The degree three polynomial f(x) with real coefficients and
leading coefficient 1, has 4 and 3+i among its roots. 
Express f(x) as a product of linear and quadratic polynomials
polynomials with real coefficients. This question I'm having 
trouble with but I came up witha an answer of:
f(x)=(x-4)(x^2-6x-9) is this right. thanks for looking at 
this question.

No that's not correct.  You must know the following facts about
polynomials:

1. A degree n polynomial has n roots, counting multiplicities.
2. If r is a root of a polynomial then (x-r) is a factor of the
   polynomial.
3. If a polynomial with real coefficients has p+qi as one root,
   it also has its conjugate p-qi as another root.

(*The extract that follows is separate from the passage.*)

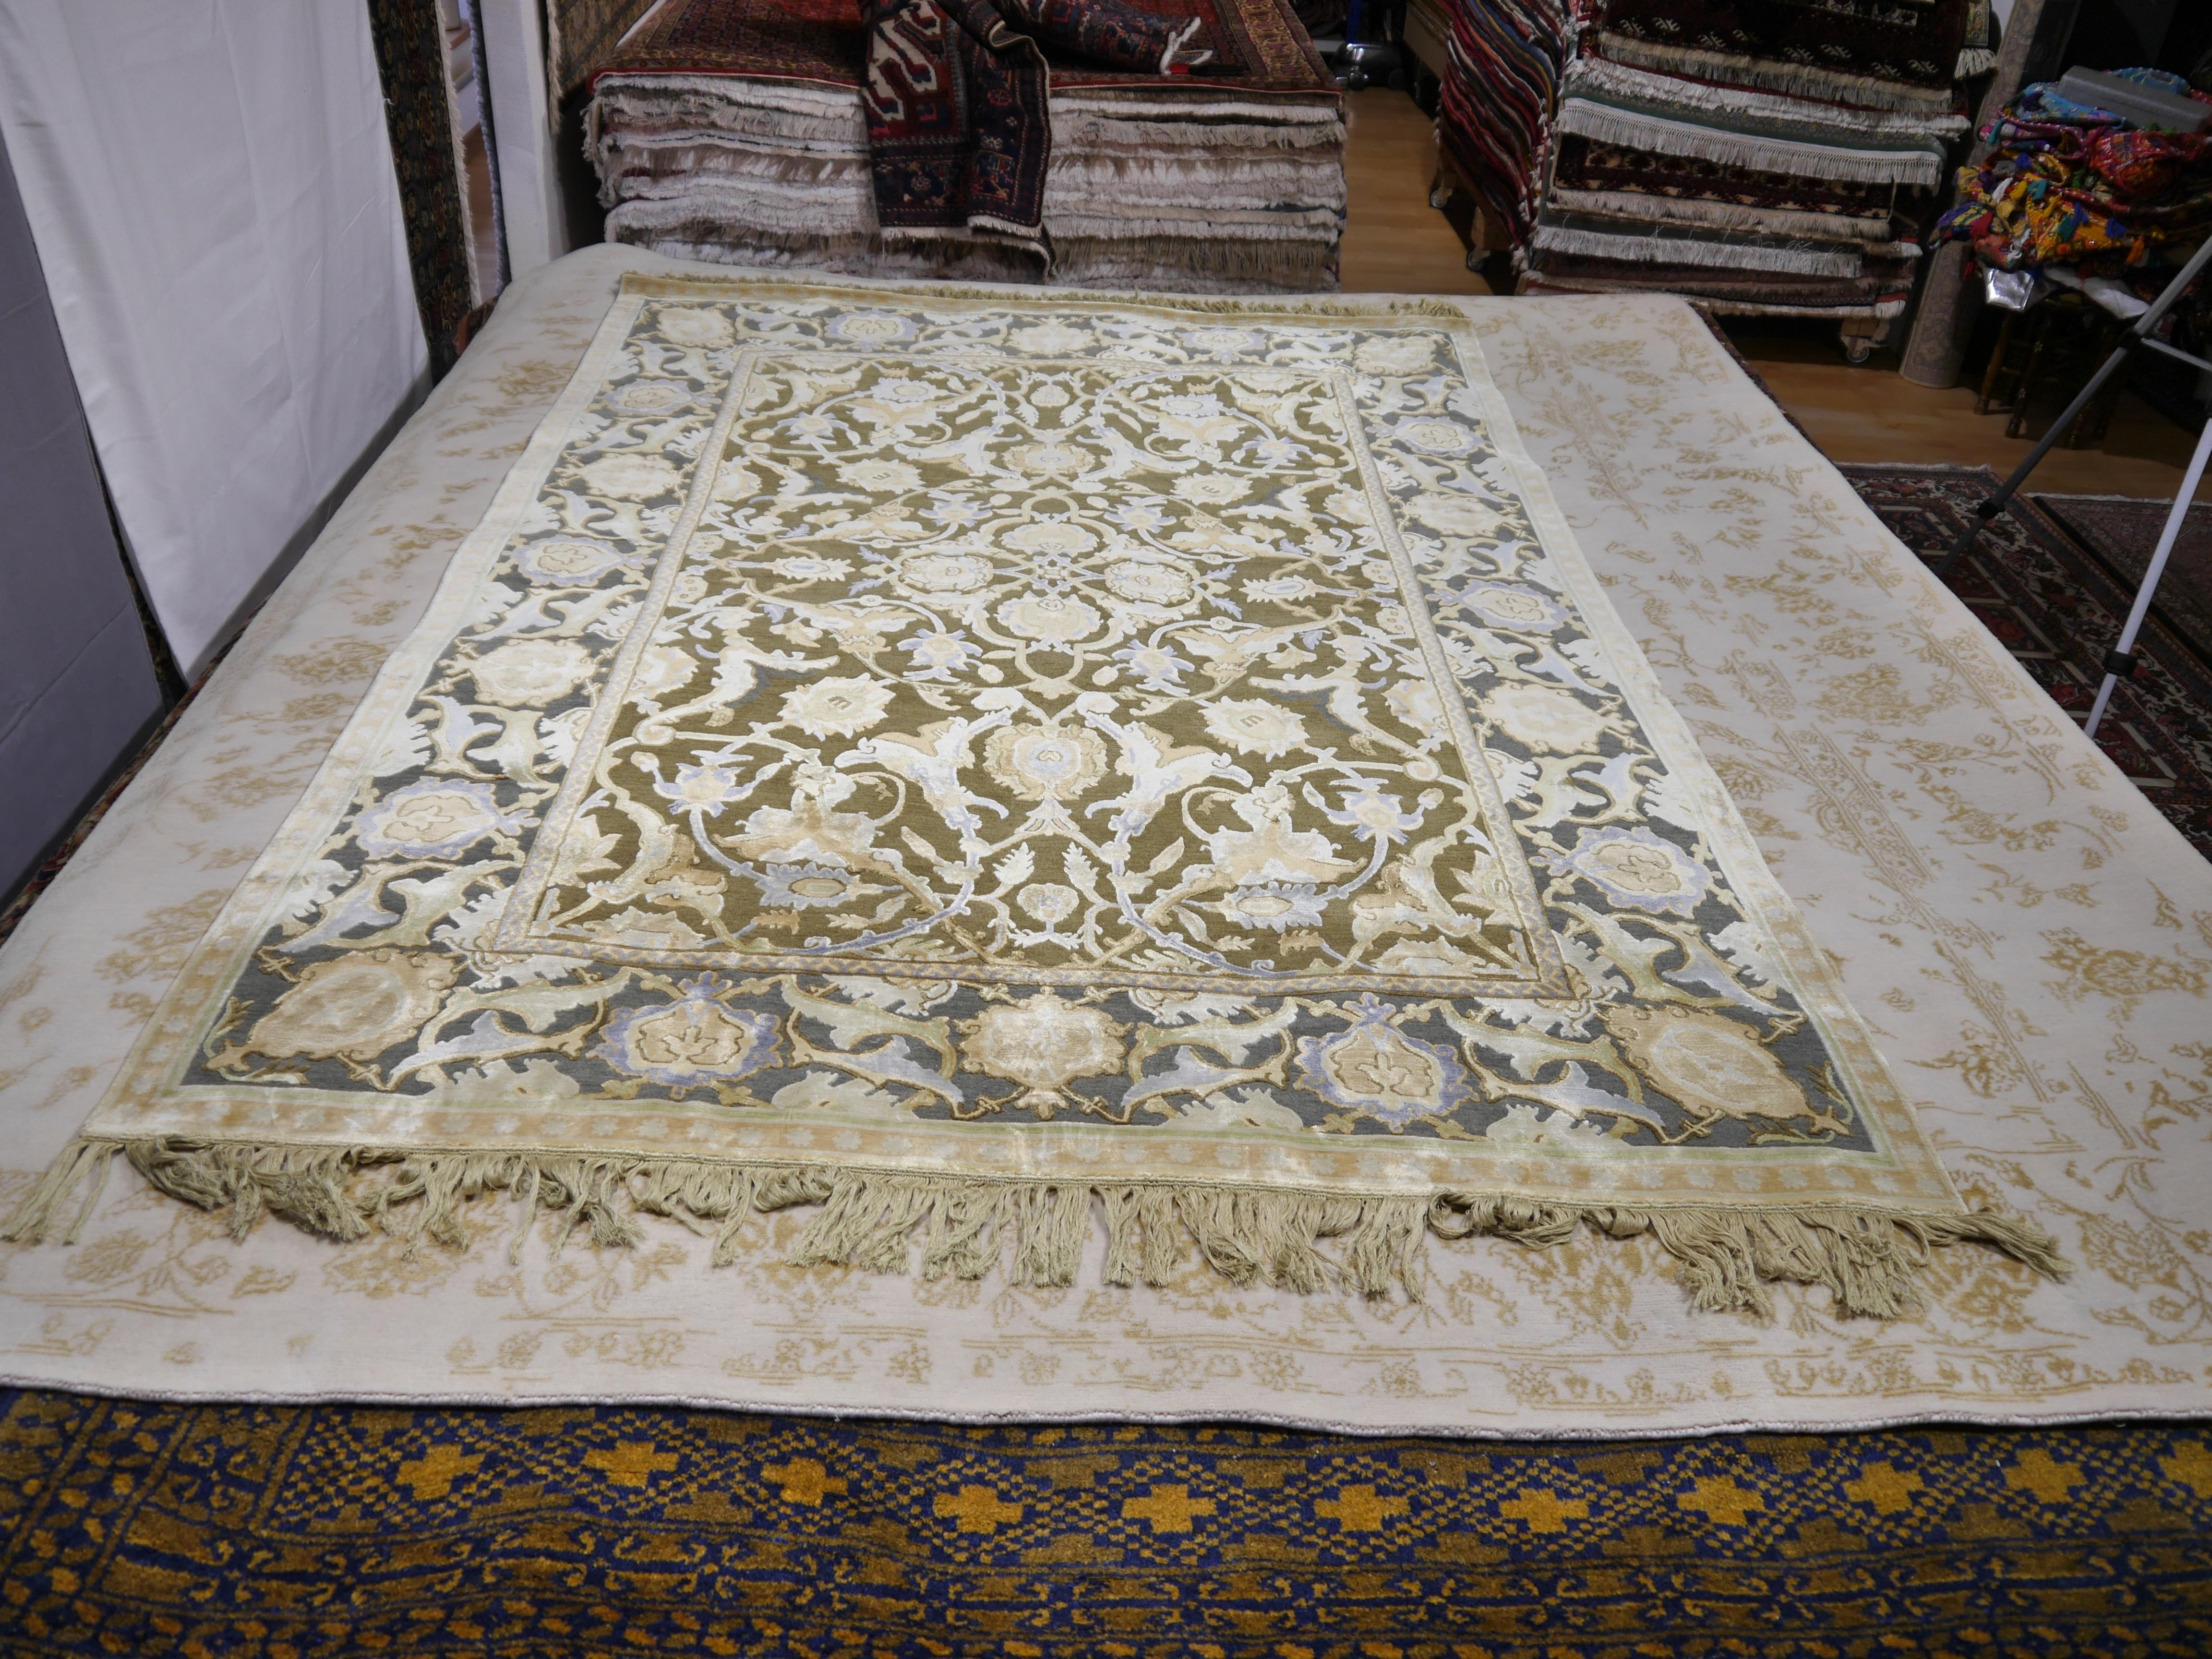 Renaissance New Polonaise Rug Silk and Wool Antique Isfahan Design Bespoke Sizes
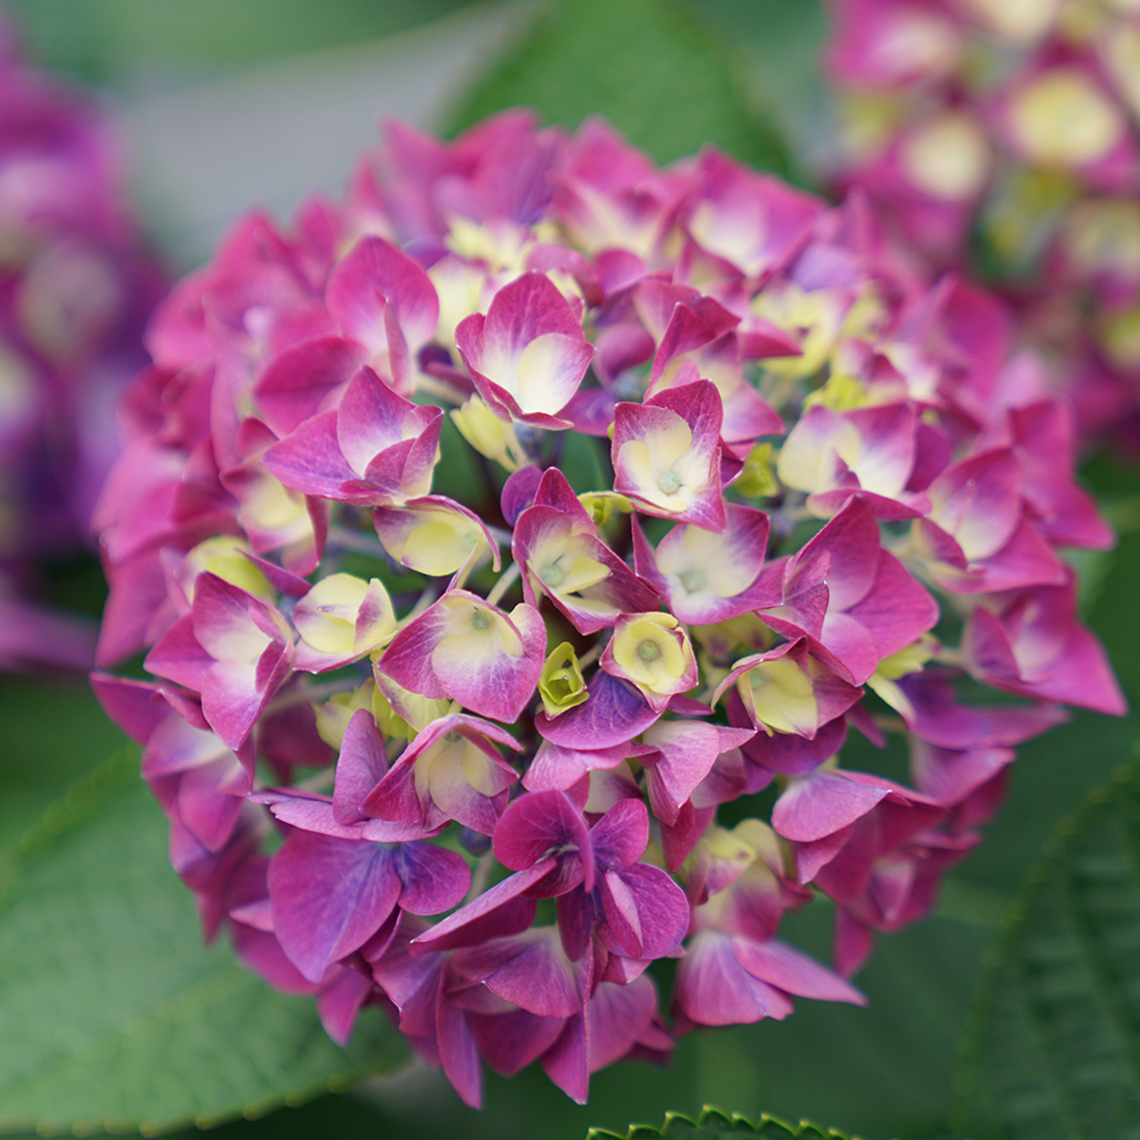 A single bloom of Wee Bit Giddy hydrangea with purple coloration

A, By 2 above, since 4 is a root then (x-4) is a factor.
         (You did this)
B. By 2 above, since 3+i is a root then [x-(3+i)] is a factor
   of the polynomial. 
C. By 3 above, since 3+i is a root then 3-1 is a factor of the
   polynomial.
D. By C and 2, since 3-i is a root then [x-(3-i)] is a factor 
   of the polynomial.
E. By 1, there are no more roots besides 4, 3+i, and 3-1

Therefore f(x) is the product of the three factors. It will 
have leading coefficient 1 because the c oefficients of x in 
all three factors is 1.

[Note: If it had had a leading coefficient other than 1, we 
 would have to multiply the polynomial by it, too, but thet 
 is unnecessary here.]

So we have:

f(x) = (x - 4)[x - (3+i)][x - (3-i)]

But the two factors containing imaginary numbers have to be
multiplied together, since all coefficients must be real.
We can use FOIL to multiply the last two factors together:

f(x) = (x - 4)[x - (3+i)][x - (3-i)]
f(x) = (x - 4)[x² - (3-i)x - (3+i)x + (3+i)(3-i)]
f(x) = (x - 4)[x² - (3x-ix) - (3x+ix) + (9-3i+3i-i²)]
f(x) = (x - 4)[x² - 3x + ix - 3x - ix + (9-i²)]
f(x) = (x - 4)[x² - 6x + 9 - i²]

Now since i² = -1 we substitute (-1) for i².

f(x) = (x - 4)[x² - 6x + 9 - (-1)]
f(x) = (x - 4)[x² - 6x + 9 + 1]
f(x) = (x - 4)[x² - 6x + 10]
f(x) = (x - 4)(x² - 6x + 10)

Edwin
AnlytcPhil@aol.com